Решебник по геометрии 7 класс Мерзляк Задание 281

\[\mathbf{Схематический\ рисунок.}\]

\[Дано:\ \ \]

\[AM - медиана\ \mathrm{\Delta}ABC;\]

\[A_{1}M_{1} - медиана\ \mathrm{\Delta}A_{1}B_{1}C_{1};\]

\[AM = A_{1}M_{1};\]

\[\angle BAM = \angle B_{1}A_{1}M_{1};\]

\[\angle MAC = \angle M_{1}A_{1}C_{1}.\]

\[Доказать:\]

\[\mathrm{\Delta}ABC = \mathrm{\Delta}A_{1}B_{1}C_{1}.\]

\[\mathbf{Доказательство.}\]

\[1)\ Отложим\ отрезки\ на\ \]

\[прямых\ \text{AM\ }и\ A_{1}M_{1}\ :\]

\[MD = AM;\ \ \ \]

\[M_{1}D_{1} = A_{1}M_{1}.\]

\[2)\ \mathrm{\Delta}AMC = \mathrm{\Delta}DMB - по\ первому\ \]

\[признаку:\]

\[MC = MB = \frac{1}{2}BC;\]

\[\angle AMC = \angle DMB - вертикальные.\]

\[Отсюда:\]

\[AC = BD;\ \ \ \]

\[\angle MAC = \angle MDB.\]

\[3)\ Аналогично:\]

\[A_{1}C_{1} = B_{1}D_{1};\ \ \ \]

\[\angle M_{1}A_{1}C_{1} = \angle M_{1}D_{1}B_{1}.\]
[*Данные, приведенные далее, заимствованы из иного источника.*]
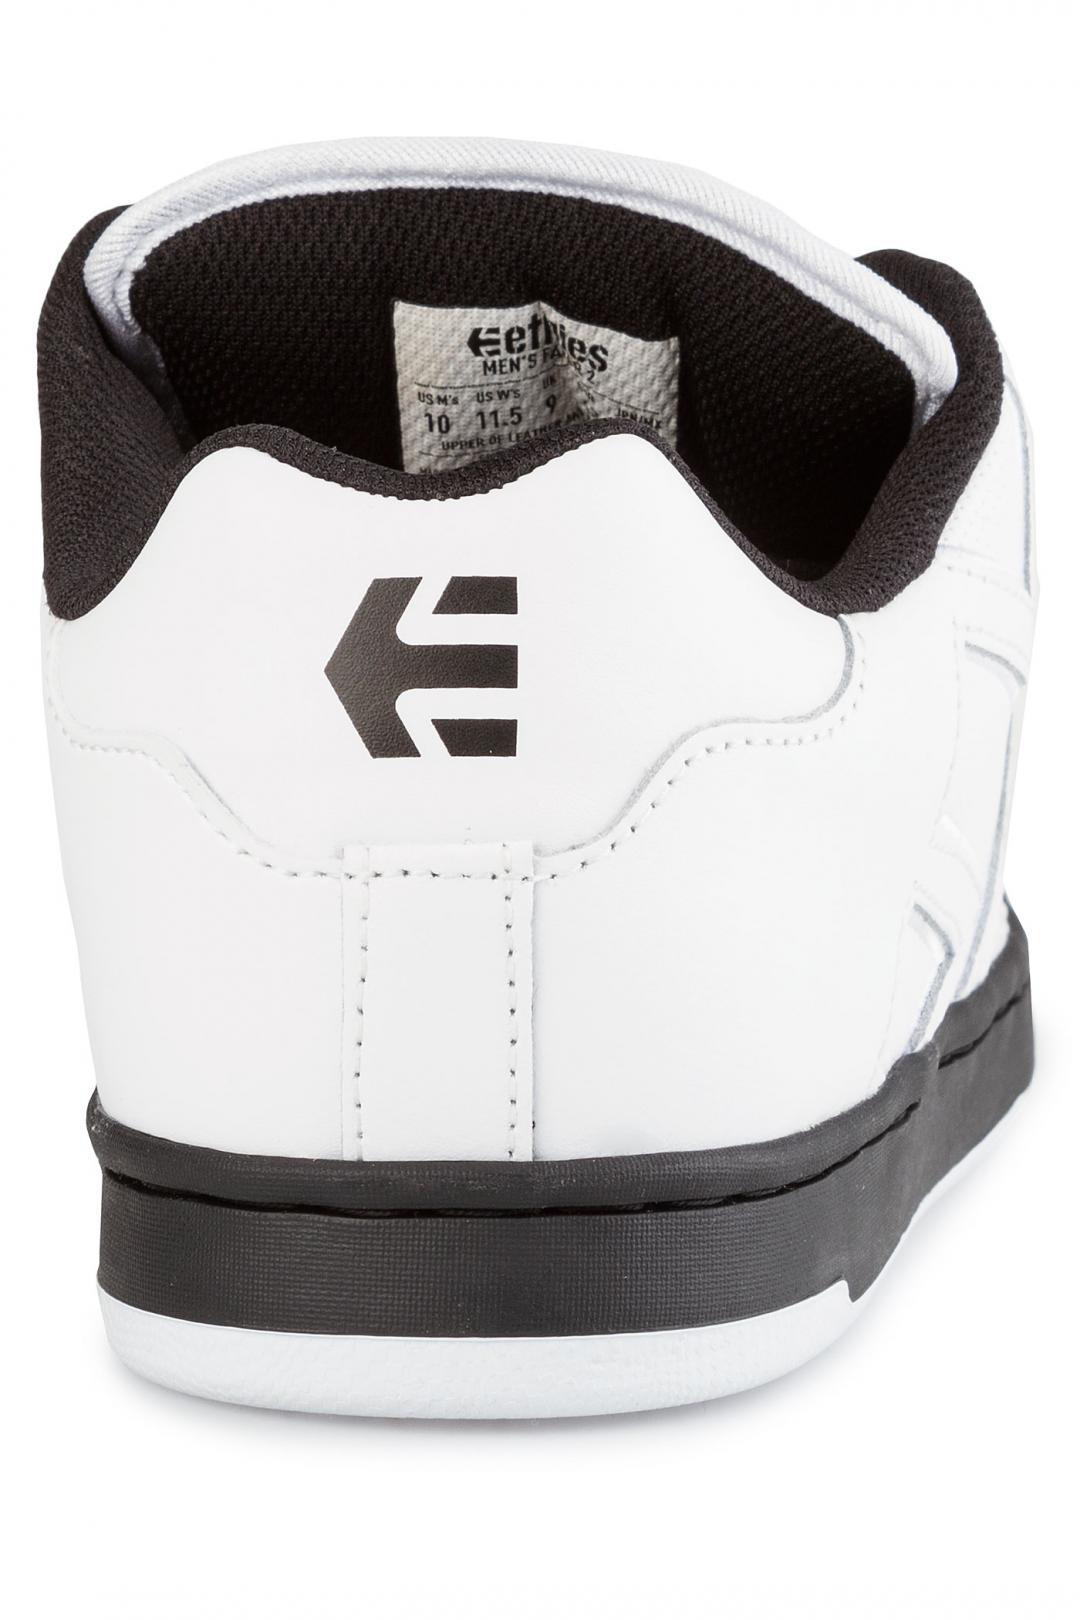 Uomo Etnies Fader 2 white black | Sneakers low top

\[4)\ \mathrm{\Delta}ABD = \mathrm{\Delta}A_{1}B_{1}D_{1} - по\ второму\ \]

\[признаку:\]

\[AD = 2AM = 2A_{1}M_{1} = A_{1}D_{1};\]

\[\angle B_{1}D_{1}A_{1} = \angle B_{1}A_{1}D_{1} =\]

\[= \angle BAD = \angle BDA.\]

\[Отсюда:\]

\[AB = A_{1}B_{1};\ \ \ \]

\[BD = B_{1}D_{1}.\]

\[5)\ \mathrm{\Delta}ABC = \mathrm{\Delta}A_{1}B_{1}C_{1} - по\ первому\ \]

\[признаку:\]

\[AC = BD = B_{1}D_{1} = A_{1}C_{1};\ \ \ \]

\[\angle BAC = \angle B_{1}A_{1}C_{1}.\]

\[Что\ и\ требовалось\ доказать.\]